The True social media mobile app that prides itself on protecting user privacy had a security lapse that left their servers exposed to the public. The spilled private data were left for anyone on the internet to read.
The social media mobile app was launched in 2017 by Hello Mobile, a small virtual cell carrier that uses T-Mobile’s network. On True’s website, it is mention that they have raised $14 million via venture capitalist and have stated to have accumulated more than 500 thousand users later after its product launch.
The exposed private data were discovered when a dashboard for an app’s databases was left exposed to the internet without requiring any authentication or password. This allowed anyone to browse, filter, read, and search the database contents that include the users’ private data.
A cybersecurity researcher has found the unsecured dashboard, and the data was provided by BinaryEdge. A search engine specializing in publicly accessible and unsecured databases revealed that the dashboard was publicly available since September of this year.
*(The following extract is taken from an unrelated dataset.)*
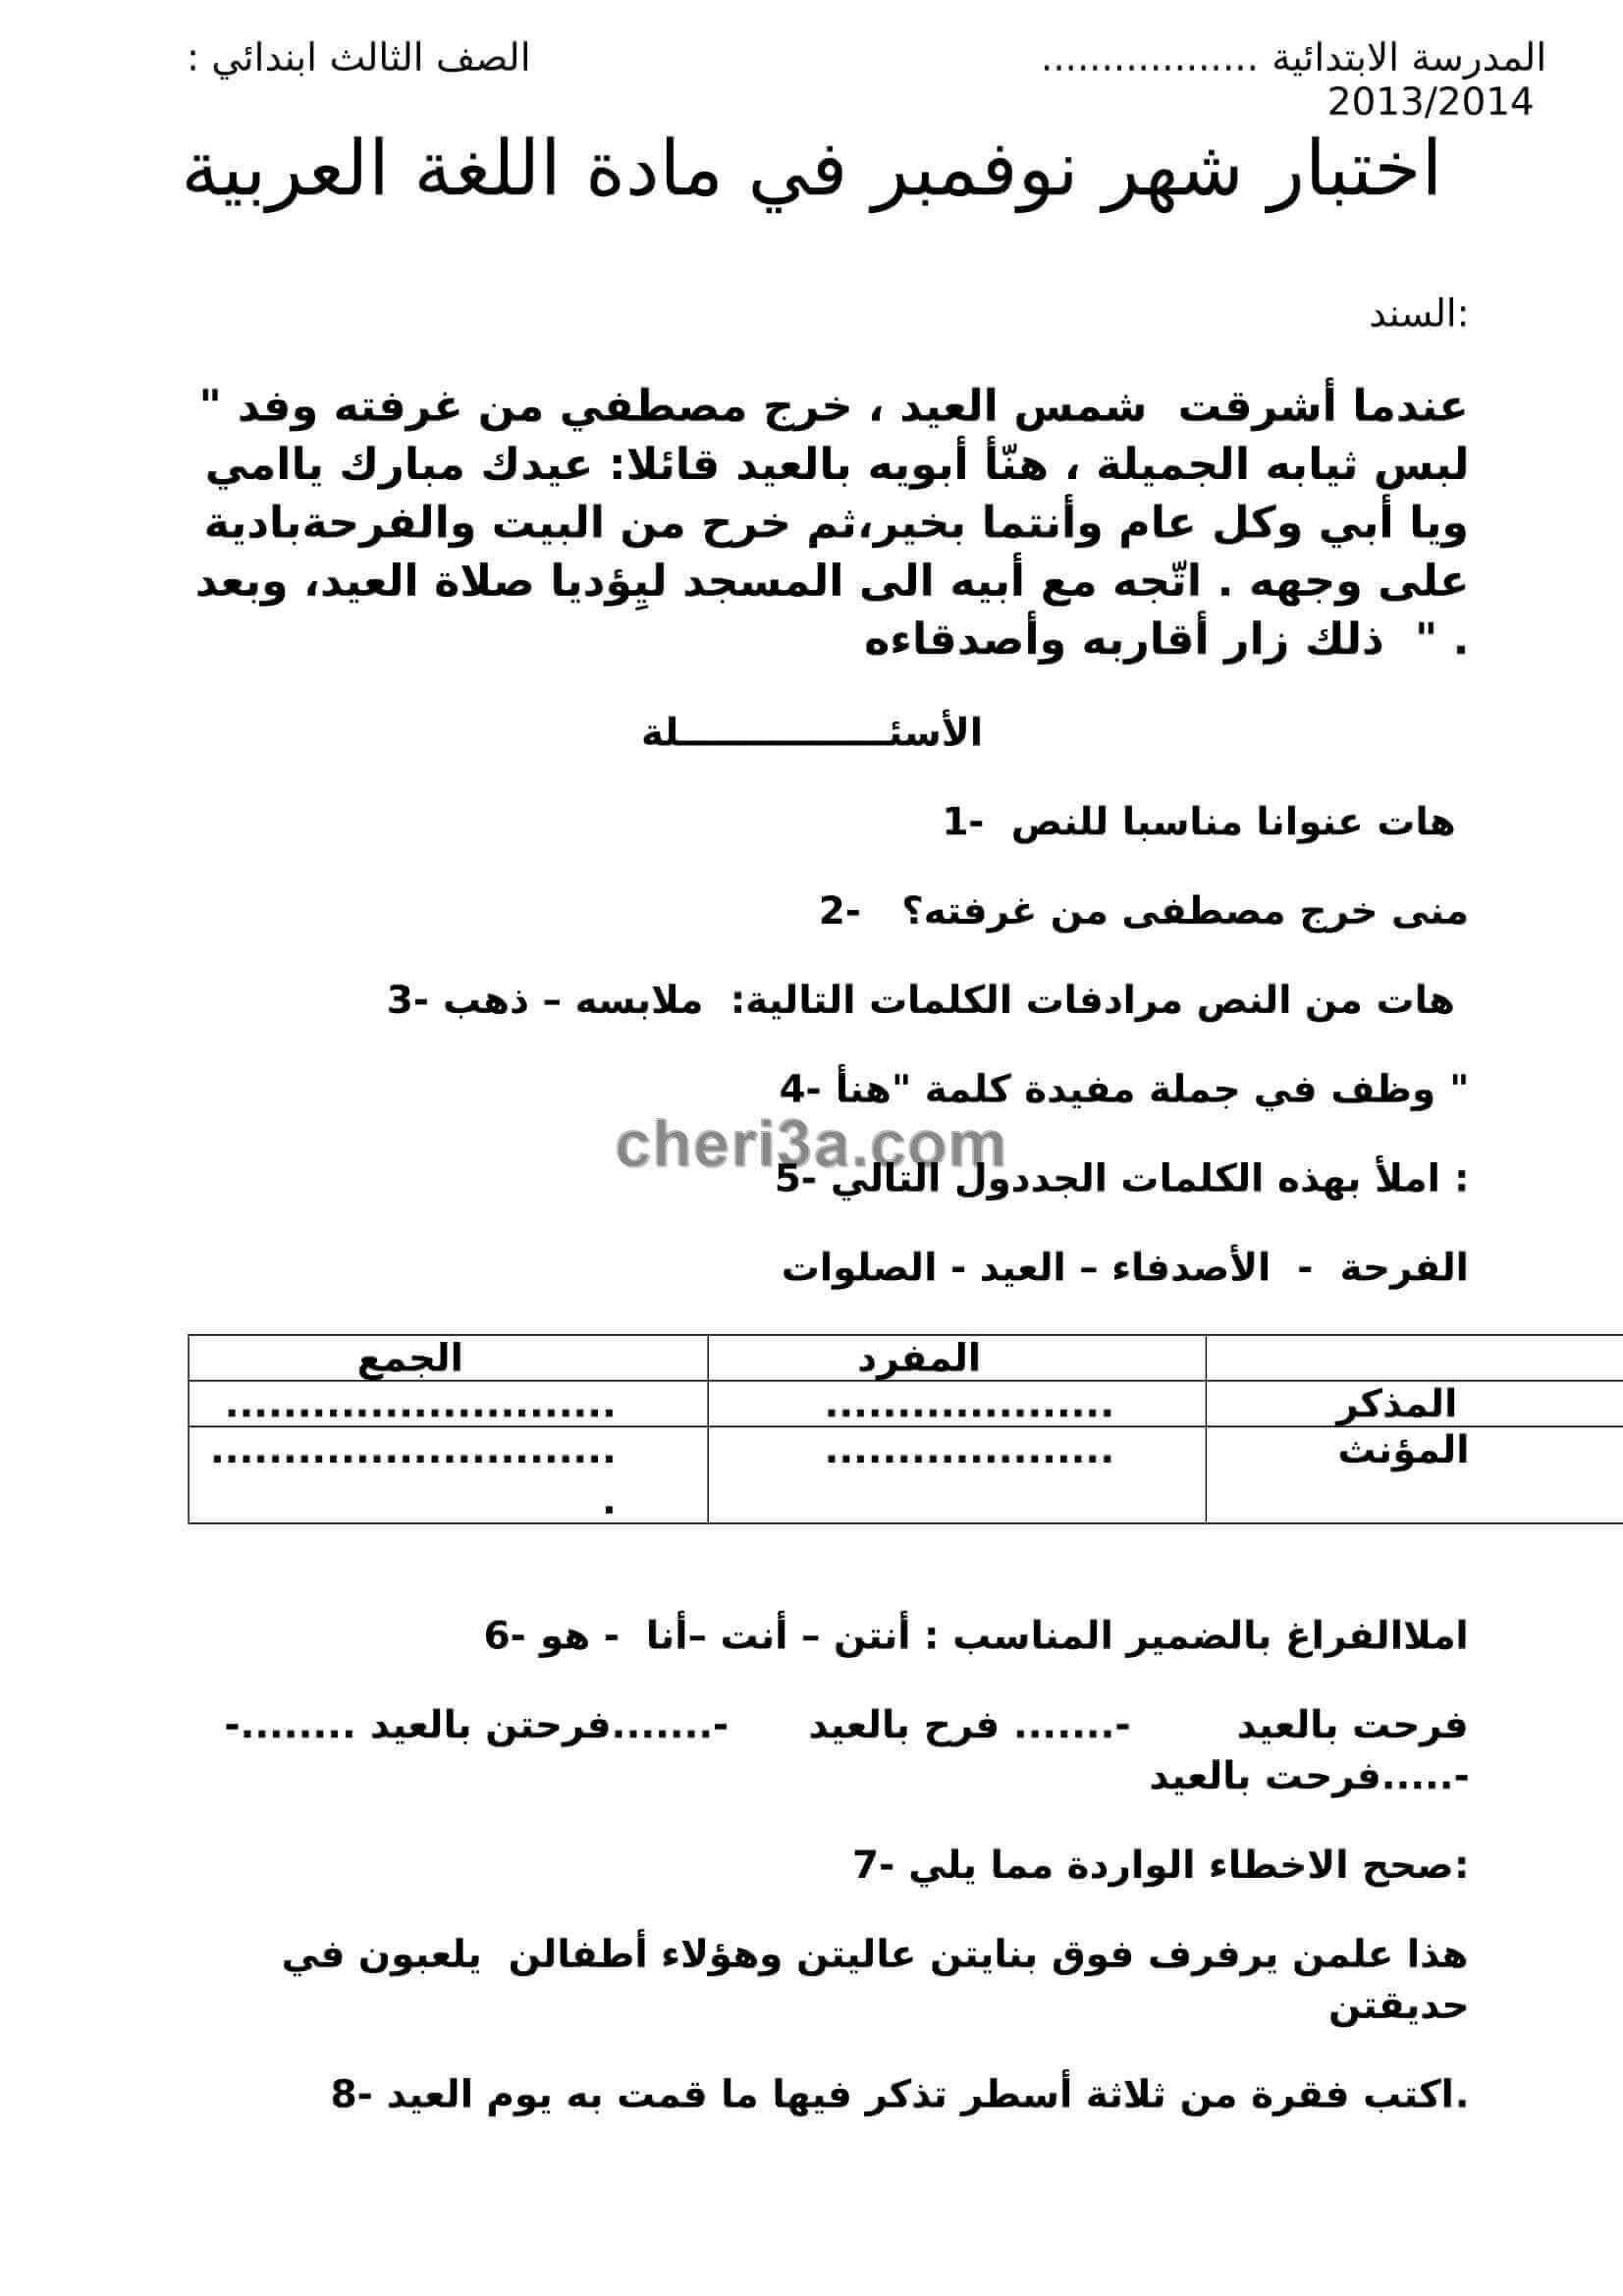 اختبار الفصل الاول للسنة الثالثة ابتدائي في مادة اللغة العربية النموذج 7
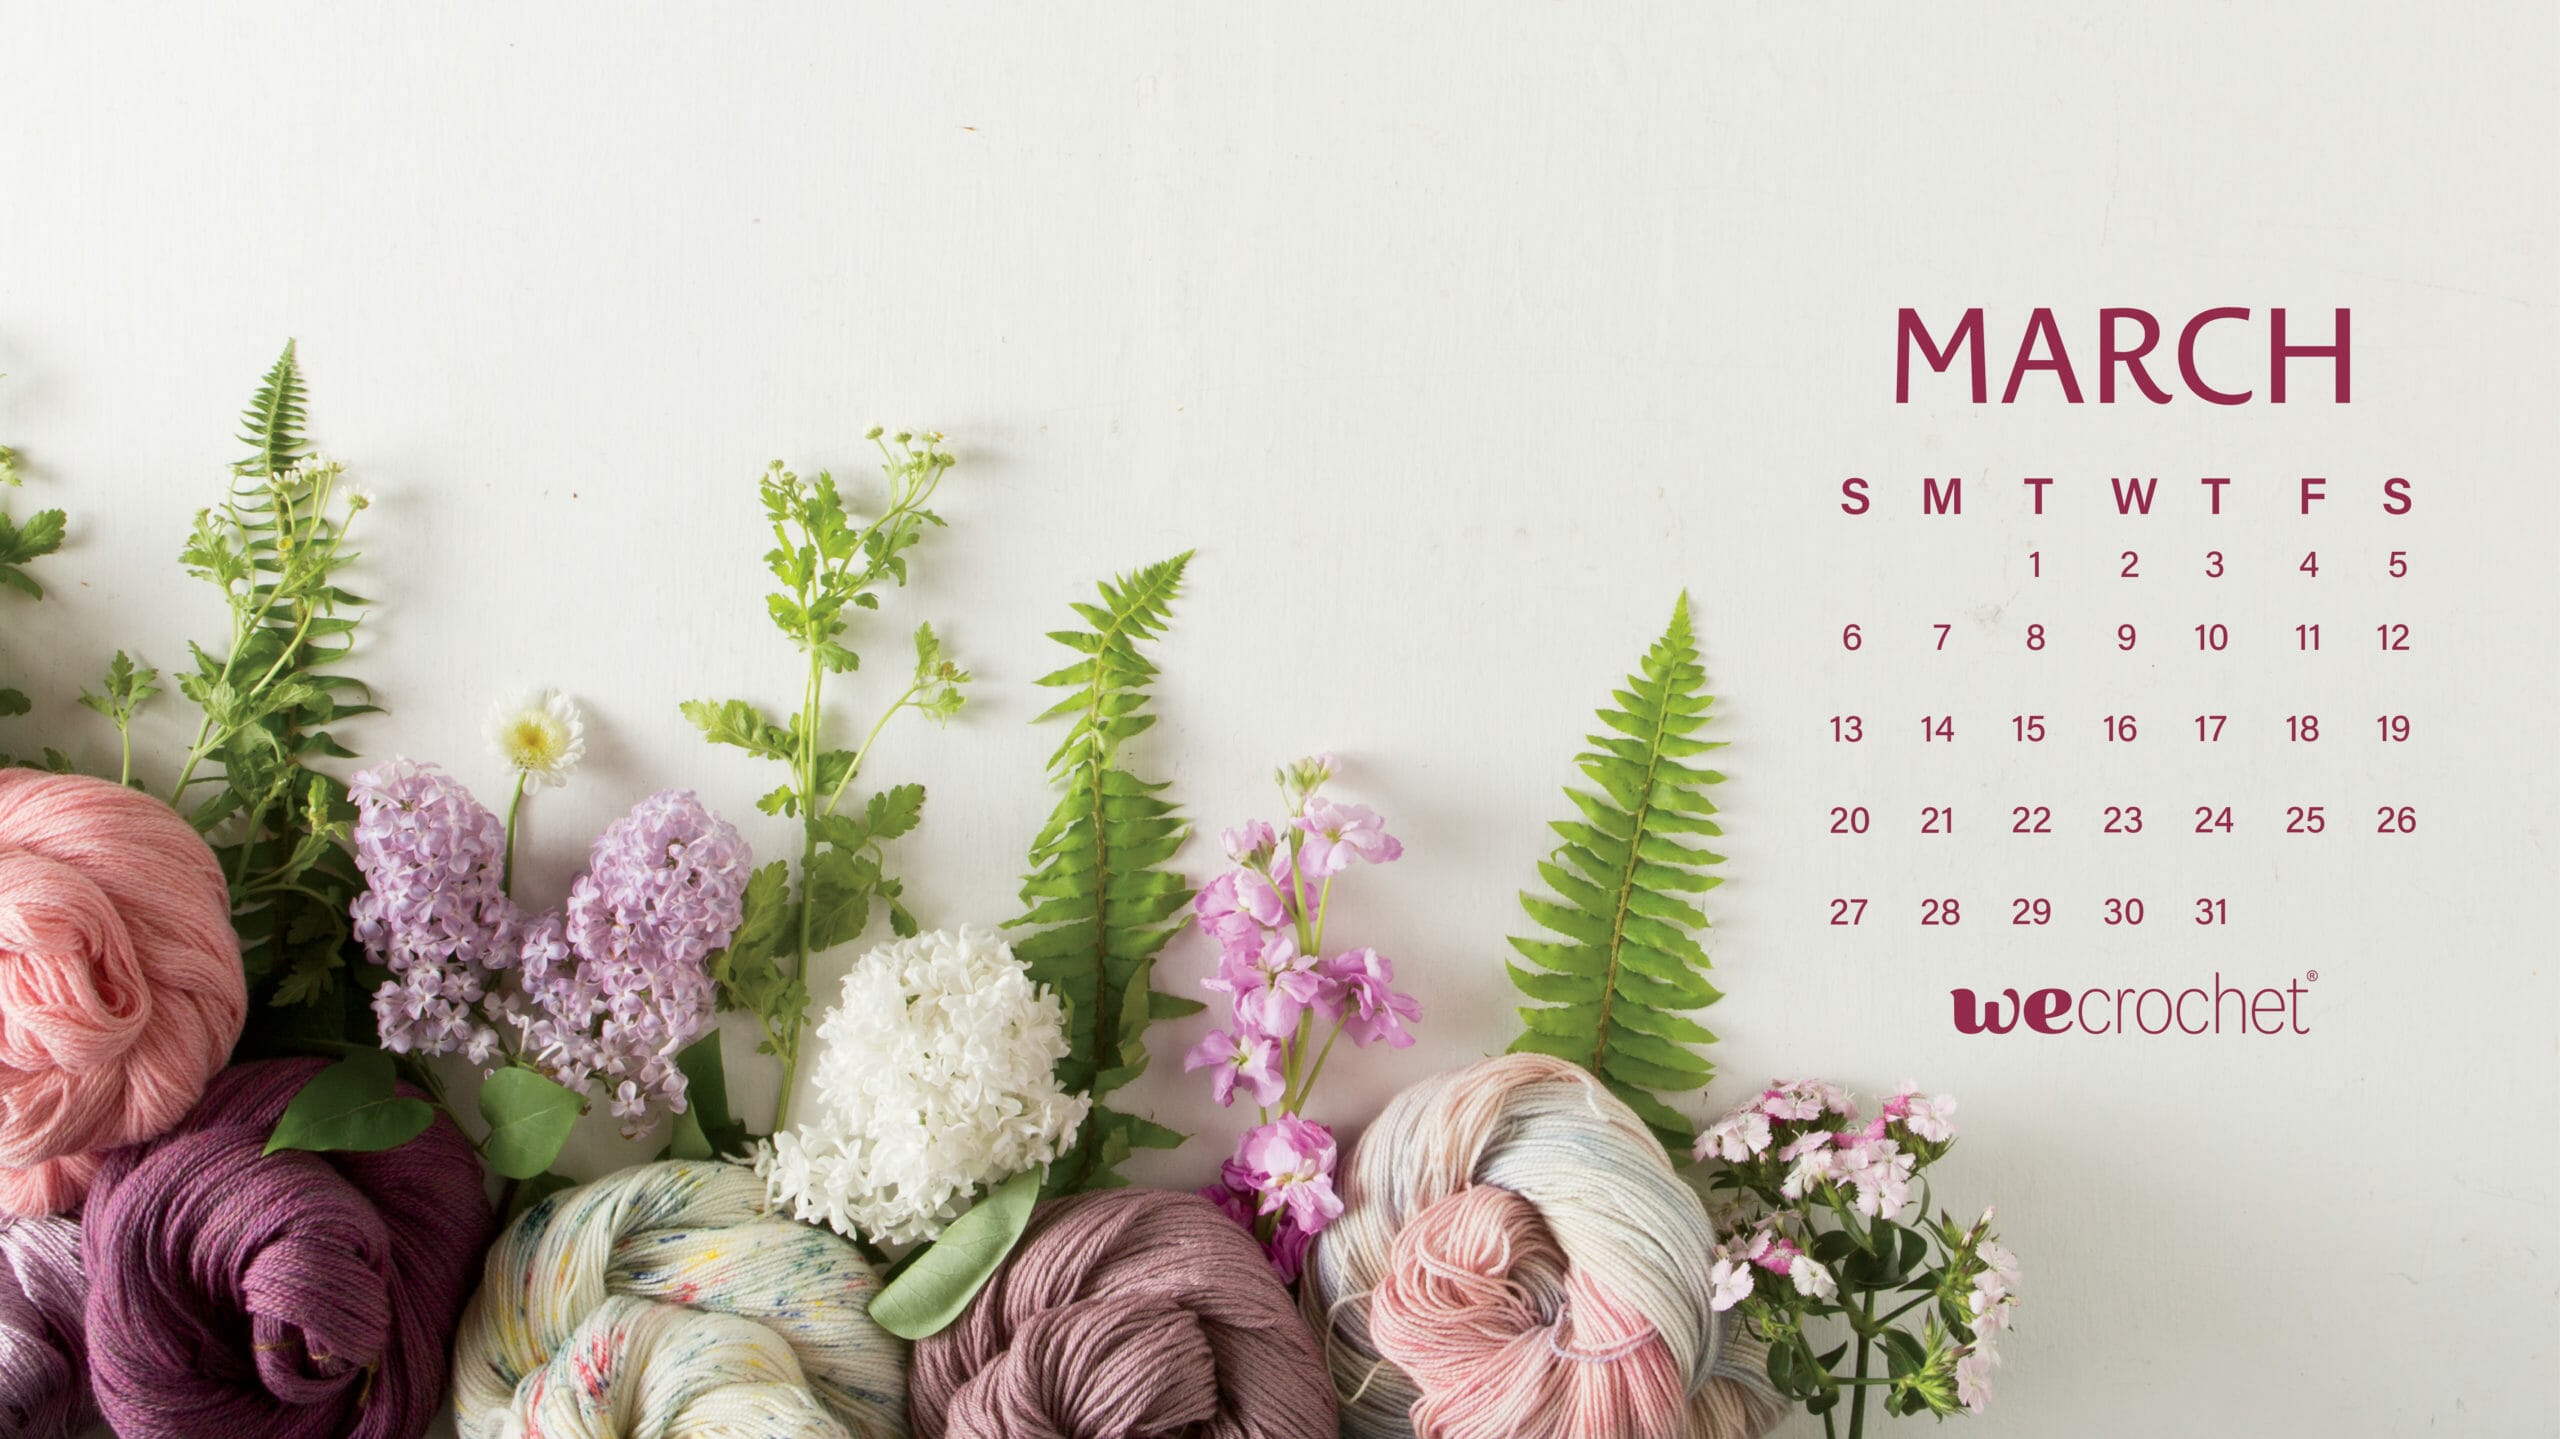 Hãy để hình nền mới thay đổi gió không khí trong ngôi nhà của bạn với hình ảnh tháng 3 đầy màu sắc. Wallpapers Calendar sẽ mang đến không gian mới cho bạn cảm nhận được những tiết trời đầy nắng và tươi mới của mùa xuân.

True have been contacted and notified of the exposed data, and they had taken the dashboard offline.
The security lapse was confirmed by Bret Cox, the Chief executive of True.
The exposed data contained daily server and system logs dating from February, including a user’s registered email address, phone number, contents, private post, and messages among users. The last known geolocation of the user tells where the user is had been. The logs also exposed the phone contacts and emails uploaded by the users, which the social media app uses to match with known friends within the app.
The True social media app data that got exposed were unencrypted.
The researchers have confirmed that the leaking database from the exposed dashboard was from actual users by creating test accounts and providing information that the creator would know, such as the phone number used to verify the created account.
Aside from user data, account access tokens were also leaking, which can be used to hack and hijack the said user account. An account access token looks like a line of random alphanumeric characters that would keep users logged in the app without entering login credentials. The researchers then used the account access token to log in to the test account and post on the feeds.
This is an excellent example of how misconfiguration and mistakes can happen in any company and organization, highlighting the importance of ensuring any application build.